Title: SLC Ltd. V v. Bradford Group West, Inc. (In re SLC Ltd. V), 152 B.R. 755 (Bankr.D.Utah) | Date: Mar-18-1993 | Status: PUBLISHED (Judge Boulden) | Case(s): 92PB-2195

The court held that a secured lender's interest in an assignment of rents and proceeds was an interest in real property under applicable state law. Accordingly, the secured lender's interest had been perfected prepetition, upon its proper recording with the county recorder, and constituted a perfected interest in postpetition cash collateral under 11 U.S.C. §363(a) and 552(b). Further, lender's action to enforce its interest in the collateral rents, by obtaining appointment of a receiver in state court within 90 days prior to the petition date, was not a voidable preference under 11 U.S.C. § 547(b). Settlement funds derived from an action by the debtor to recover prepetition and postpetition unpaid rents from a tenant in breach of its lease agreement were also subject to the lender's perfected security interest in rents. Debtor's unilateral action to recover the rents through judicial action did not change the nature of the funds from rents to general intangibles, which would not have been subject to the lender's recorded security interest. Finally, lender did not violate the Utah one-action rule by pursuing an action against the individual guarantors of the debt before exhausting its remedies against the property securing the debt, as a guaranty agreement is a separate, unsecured debt, and the one-action rule does not prevent a creditor on a debt secured solely by real property from pursuing an action against guarantors without first foreclosing the security.

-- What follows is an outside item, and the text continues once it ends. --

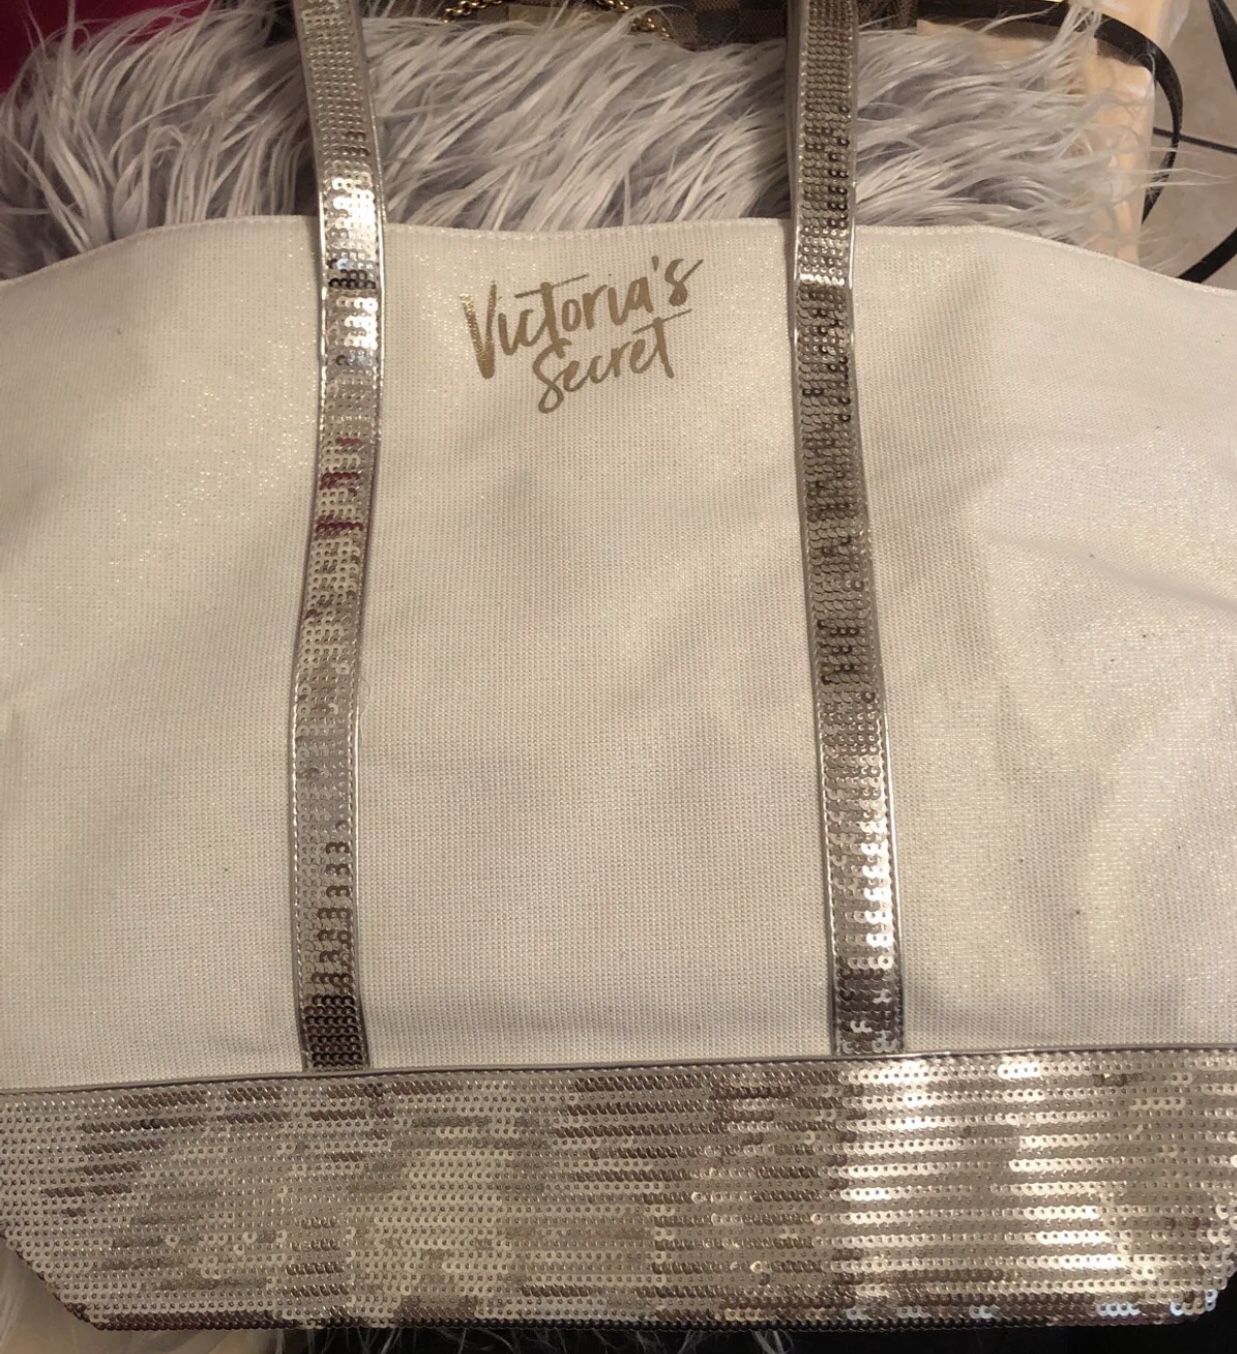 Victoria’s Secret Bag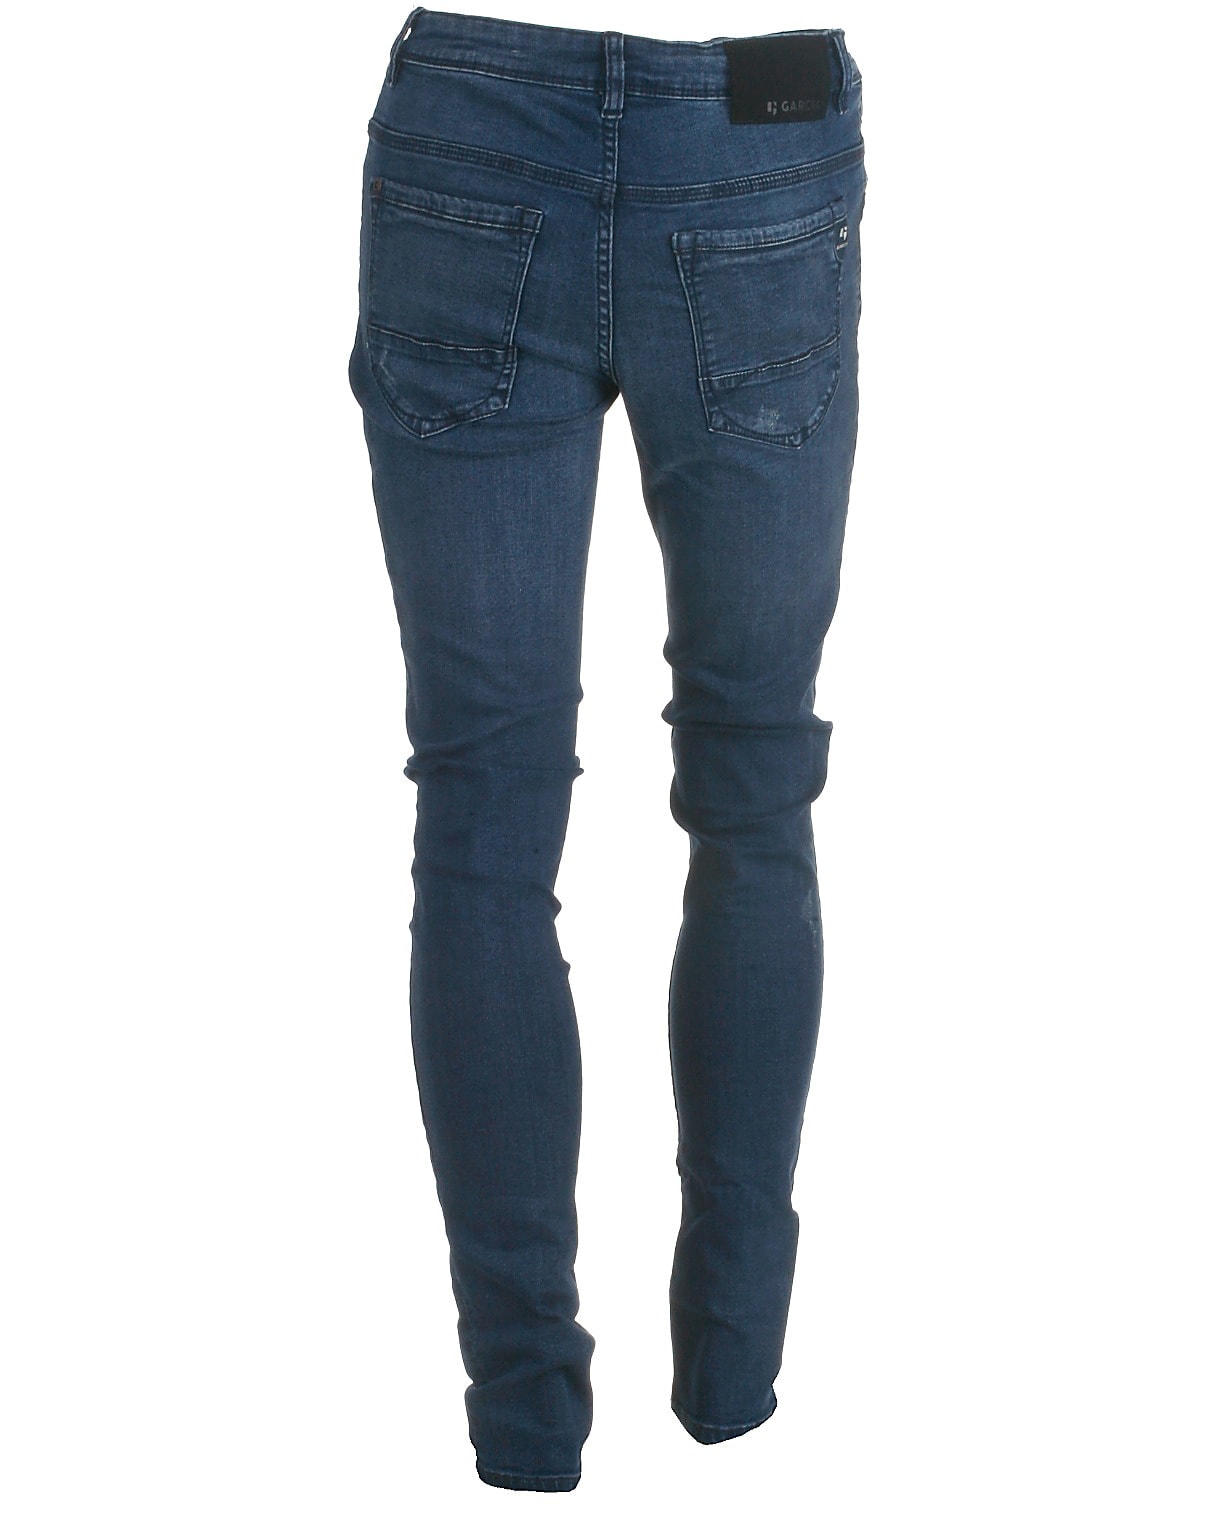 Garcia jeans

Title: Matravers v. United States (In re Matravers), 149 B.R. 204 (Bankr.D.Utah) | Date: Jan-15-1993 | Status: PUBLISHED (Judge Allen) | Case(s): 88PA-0967

Chapter 13 debtors commenced adversary proceeding against IRS, requesting declaratory judgment that tax liabilities were discharged and seeking return of sums paid to the IRS postpetition, plus attorney's fees and costs. Debtors moved for summary judgment. The court held that: (1) taxes become payable when tax return is due, not when income on which tax was applied was earned; (2) requirements for waiver of sovereign immunity were met; and (3) debtors were entitled to recover property seized postpetition, as well as attorney's fees and costs incurred in pursuing the proceeding.